Sri Rajahmura Lumaya, known in his shortened name Sri Lumay, was the  first Rajah  and the founder of the Indianized Rajahnate of Cebu. According to the epic Aginid, Bayok sa atong Tawarik, a Bisayan epic story, Sri Lumay was a half-Tamil and half Malay minor prince of the Chola dynasty. Sri Lumay was the grandfather of Rajah Humabon. He may be called a semi-legendary figure, since no other written records mentions about Sri Lumay, other than in oral traditions in the Visayan epic story of Anginid.

Legendary accounts

Sri Lumay, or Rajahmura Lumaya, established the Rajahnate of Cebu. He was a prince of the Chola dynasty. Initially, he was commissioned by the Maharajah to establish a base for their army force; instead, he created his own kingdom which he himself ruled with his son, Sri Alho and Sri Ukob; they ruled the south known as Sialo, which included Valladolid, Carcar, up to Santander.

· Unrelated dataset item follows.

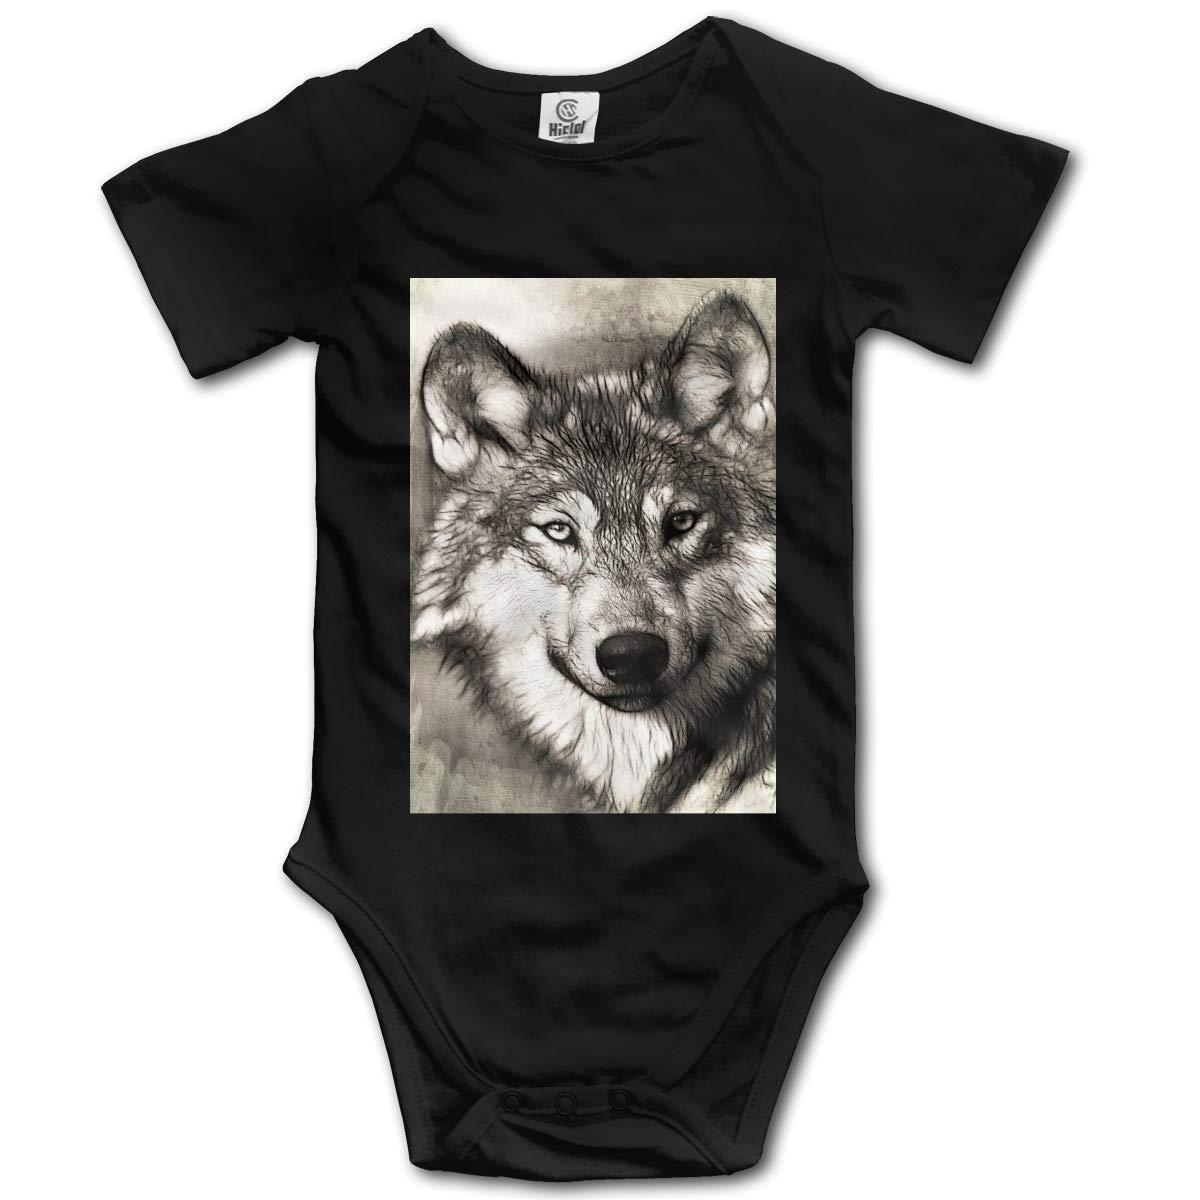 Alpine Full Moon Wolf Boys /& Girls Black Short Sleeve Romper Bodysuit Outfits for 0-24 Months
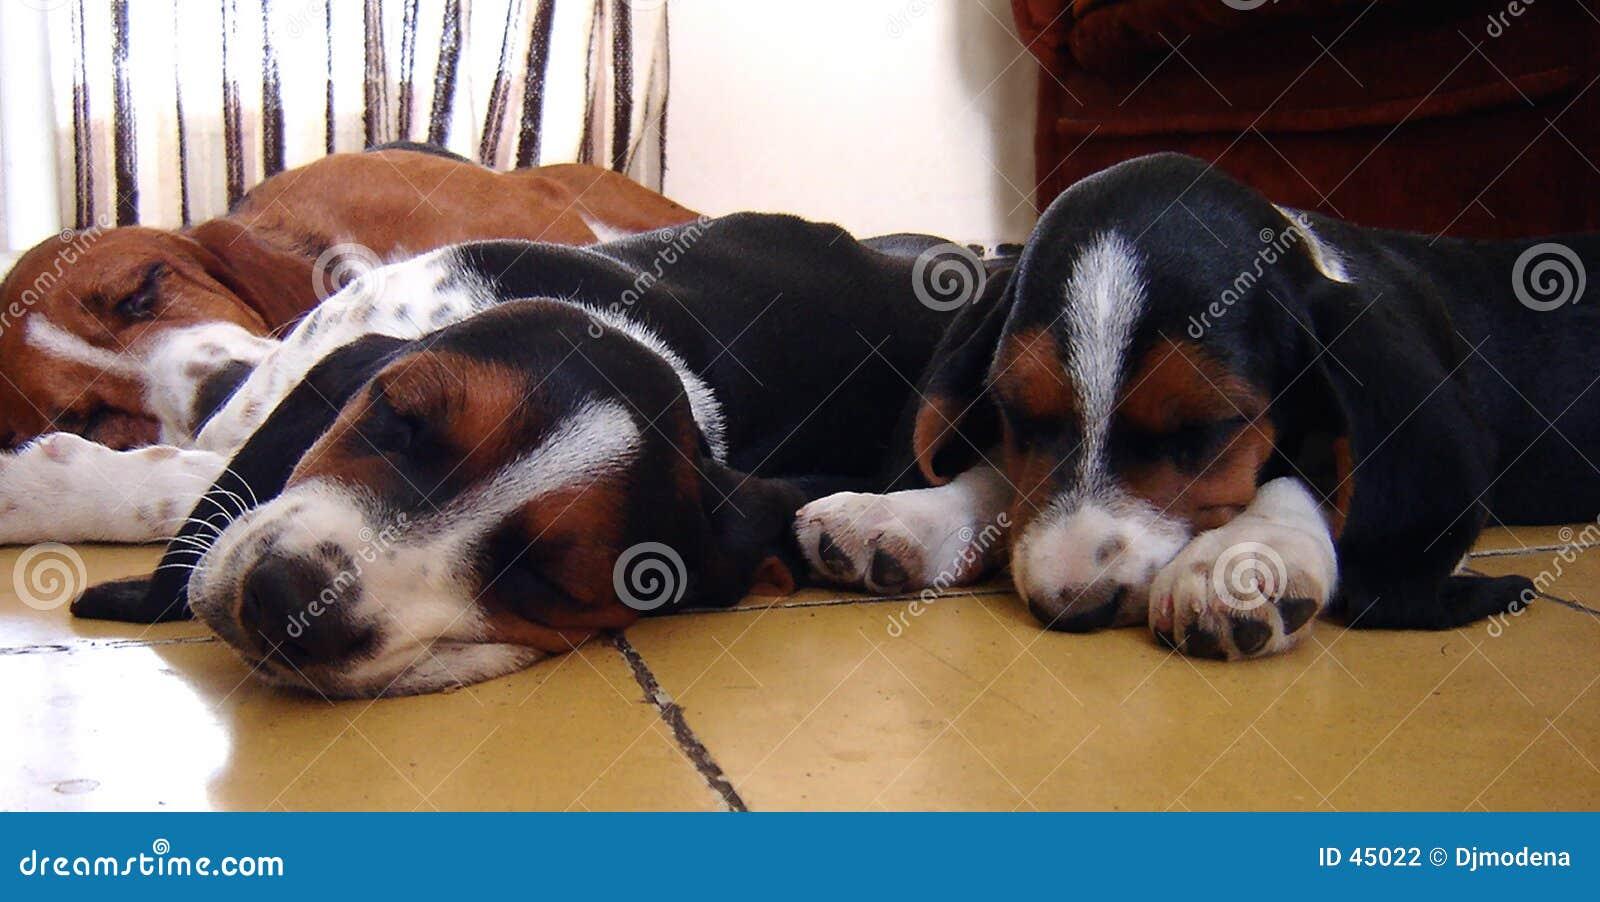 Sleepping Dachshundjagdhundhunde

The account of Aginid, Bayok sa atong Tawarik is about Sri Lumay who settled in Sugbo with his son, Sri Alho, ruling the south known as Sialo which included Valladolid, Carcar, up to Santander. Sri Lumay established the city of Singhapala that become the capital of the rajahnate and what is now part of Mabolo in the northern district of Cebu City.

Battle campaigns

Sri Lumay fought the Magalos, or destroyers of peace, Muslim Moro warriors coming from Mindanao, who had been raiding the island of Cebu in search for precious items like gold or ceramics and slaves. Sri Lumay was noted for his strict policies in defending against Moro Muslim raiders and slavers from Mindanao. His use of scorched earth tactics to repel invaders gave rise to the name Kang Sri Lumayang Sugbu (literally "that of Sri Lumay's great fire") to the town, which was later shortened to Sugbu ("scorched earth").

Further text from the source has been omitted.